* [To do]
Find the line containing "13 small kitchen design ideas that make" in the records below. Copy exactly that line and each one after it, ending at the line containing "big shovel for Ralph BIM commentary 16OCT17", and nothing more.

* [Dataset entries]
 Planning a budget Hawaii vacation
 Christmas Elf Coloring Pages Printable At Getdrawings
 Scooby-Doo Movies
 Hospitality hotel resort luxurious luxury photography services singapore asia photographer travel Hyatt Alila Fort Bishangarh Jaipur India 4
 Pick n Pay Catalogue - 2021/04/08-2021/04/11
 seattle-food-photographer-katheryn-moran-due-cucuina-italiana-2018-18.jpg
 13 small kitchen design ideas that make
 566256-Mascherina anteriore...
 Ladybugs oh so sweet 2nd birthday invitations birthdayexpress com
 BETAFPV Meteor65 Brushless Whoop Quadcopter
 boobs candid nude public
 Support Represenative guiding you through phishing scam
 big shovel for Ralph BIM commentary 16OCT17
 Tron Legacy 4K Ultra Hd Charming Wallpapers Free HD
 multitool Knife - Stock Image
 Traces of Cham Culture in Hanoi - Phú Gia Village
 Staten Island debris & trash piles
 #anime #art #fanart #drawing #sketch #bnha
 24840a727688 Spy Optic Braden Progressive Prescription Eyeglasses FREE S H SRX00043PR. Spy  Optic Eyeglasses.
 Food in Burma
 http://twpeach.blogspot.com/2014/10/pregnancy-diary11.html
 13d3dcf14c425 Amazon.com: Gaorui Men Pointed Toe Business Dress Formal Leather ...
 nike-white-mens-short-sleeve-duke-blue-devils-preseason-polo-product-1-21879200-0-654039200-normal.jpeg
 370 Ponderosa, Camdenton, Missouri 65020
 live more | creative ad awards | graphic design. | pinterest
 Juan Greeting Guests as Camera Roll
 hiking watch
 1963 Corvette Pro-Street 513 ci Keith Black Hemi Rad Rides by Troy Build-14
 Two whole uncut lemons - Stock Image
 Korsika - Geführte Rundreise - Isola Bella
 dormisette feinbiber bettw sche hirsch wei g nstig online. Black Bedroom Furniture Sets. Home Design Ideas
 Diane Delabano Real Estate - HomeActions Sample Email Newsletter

* [Written response]
 13 small kitchen design ideas that make
 566256-Mascherina anteriore...
 Ladybugs oh so sweet 2nd birthday invitations birthdayexpress com
 BETAFPV Meteor65 Brushless Whoop Quadcopter
 boobs candid nude public
 Support Represenative guiding you through phishing scam
 big shovel for Ralph BIM commentary 16OCT17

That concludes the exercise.